I made two different appointments: one on the very first opening available, and another for a similar date to the date I had thought of in August.
I don't really know at this point if I am going to New York this weekend, as my dad has offered to drive me to my first appointment, and I'd like to save the money for the bus ticket, but then again, I did totally block out my aunt's schedule and I haven't seen her in months. When I go in September, Dad may be able to drive or I could ask to stay with my dad's cousins who live in near Washington Square Park.
Oh the dilemmas.
In other news, the contact at the French Embassy in DC (her name is Meg Merwin) finally emailed everyone. We got academie/school district specific emails this time, so I know the emails of everyone else who is going to be in my academie/school district. I sent them all a hello email as well because I can be very forward and overly energetic. I am very excited. Can you tell?

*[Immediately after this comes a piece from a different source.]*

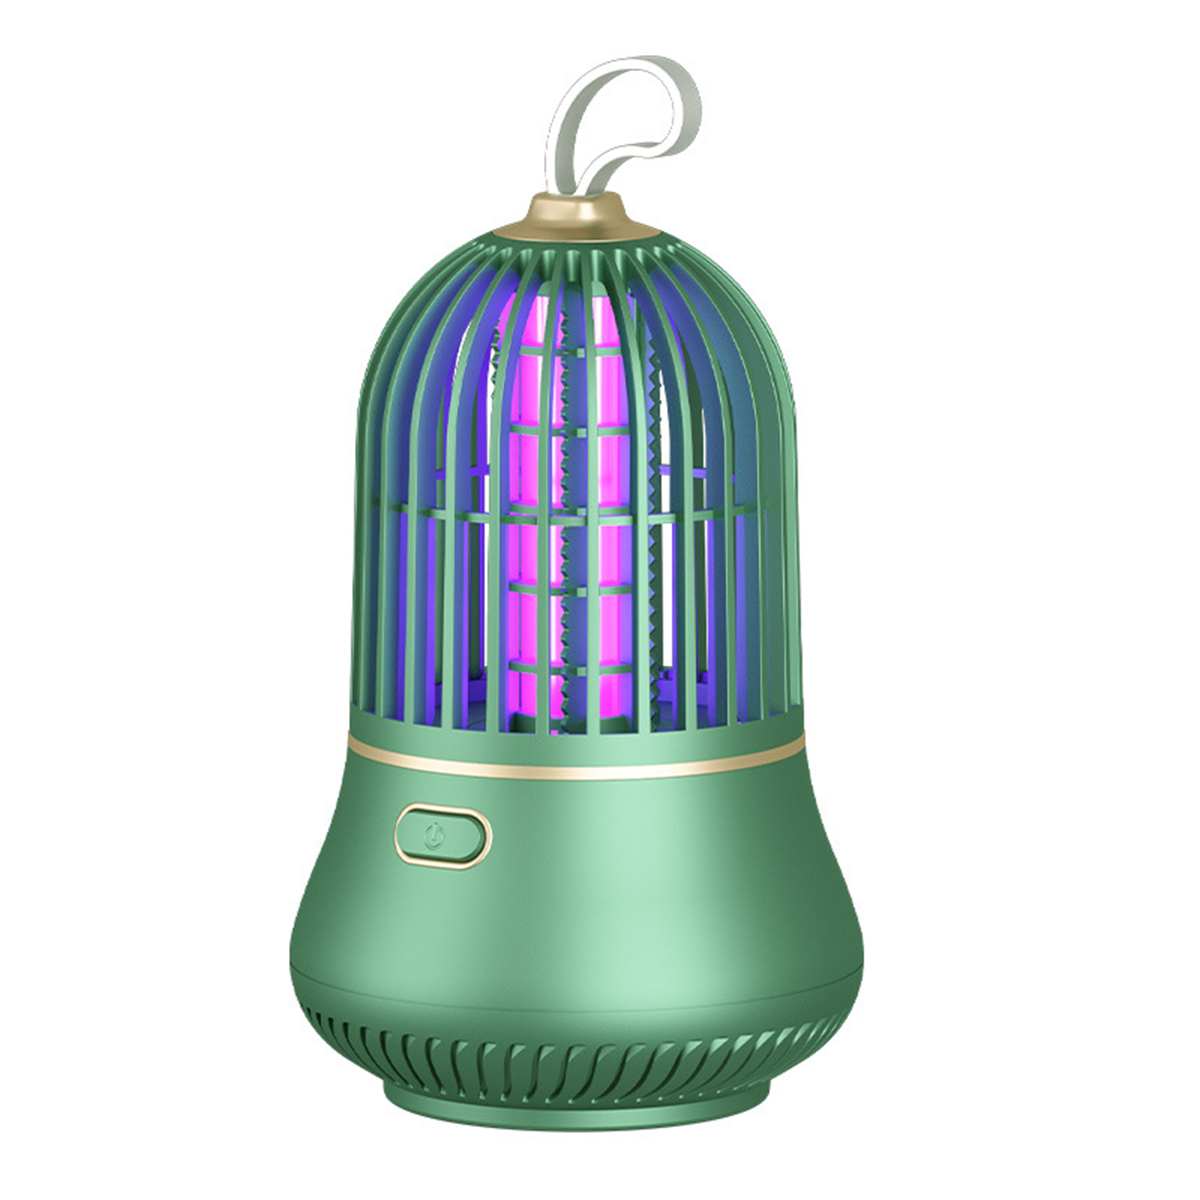 BRIGHTAKE USB-LED Moskito Killer Lampe effektive Schädlingsbekämpfung Insektenvernichter und für leise
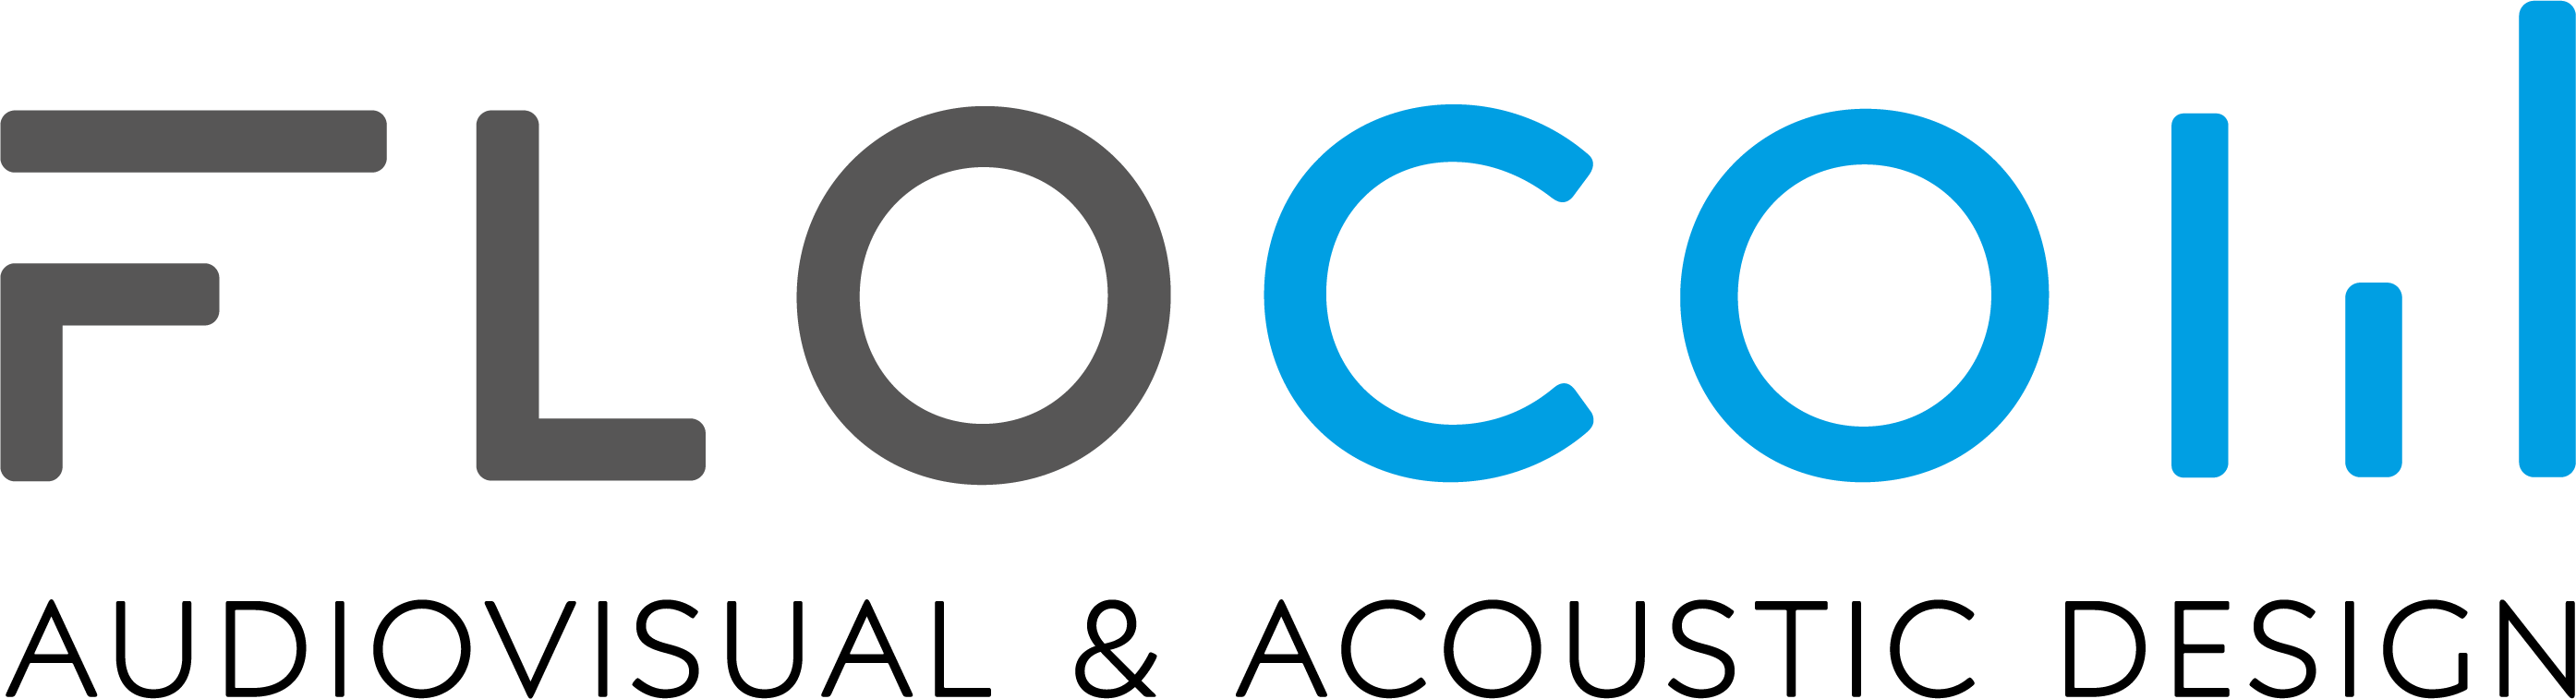 flocom logo

I have also made one of the more important purchases for this trip: a laptop. It is a Toshiba with a built-in webcam and microphone, so who's up for some AIM Video Chat? I am accepting submissions for names.
Also I need to draft a letter of resignation from my job as a receptionist at the temp agency. The job was only supposed to be for six months but I'm leaving them a good three or more months earlier than expected. I'm debating if I should tell them the truth about why I'm leaving which would explain all of my "appointments in New York", or just lie to them some more because I may not even put this job on a resume anywhere. I kind of like the job, but if I had to do this for a living, like Monday through Friday, 8:00 to 5:00, I think I'd go crazy. For $9.00 an hour.
Today was also the final exam for my French graduate course at SUNY Cortland. It was taught by a French professor of history I had had when I was a student at L'Universite de La Rochelle. The course was on the history of the French in the Americas, and it was really neat. He was very well-versed on the subject, on all historical subjects for that matter it seemed, and I really learned a lot. I'm not sure it's evident on my final exam but whatever. I paid for the class so I earned graduate credit for it but who knows where it'll be applied, if at all.
So that's what's happening right now. I don't expect to hear anything from France until August 25 when my contact in France comes back from vacation, and I'm not buying a plane ticket until I get my visa, so...I guess I'm shopping for these really cool shoes I want and the biggest rolley suitcase allowed.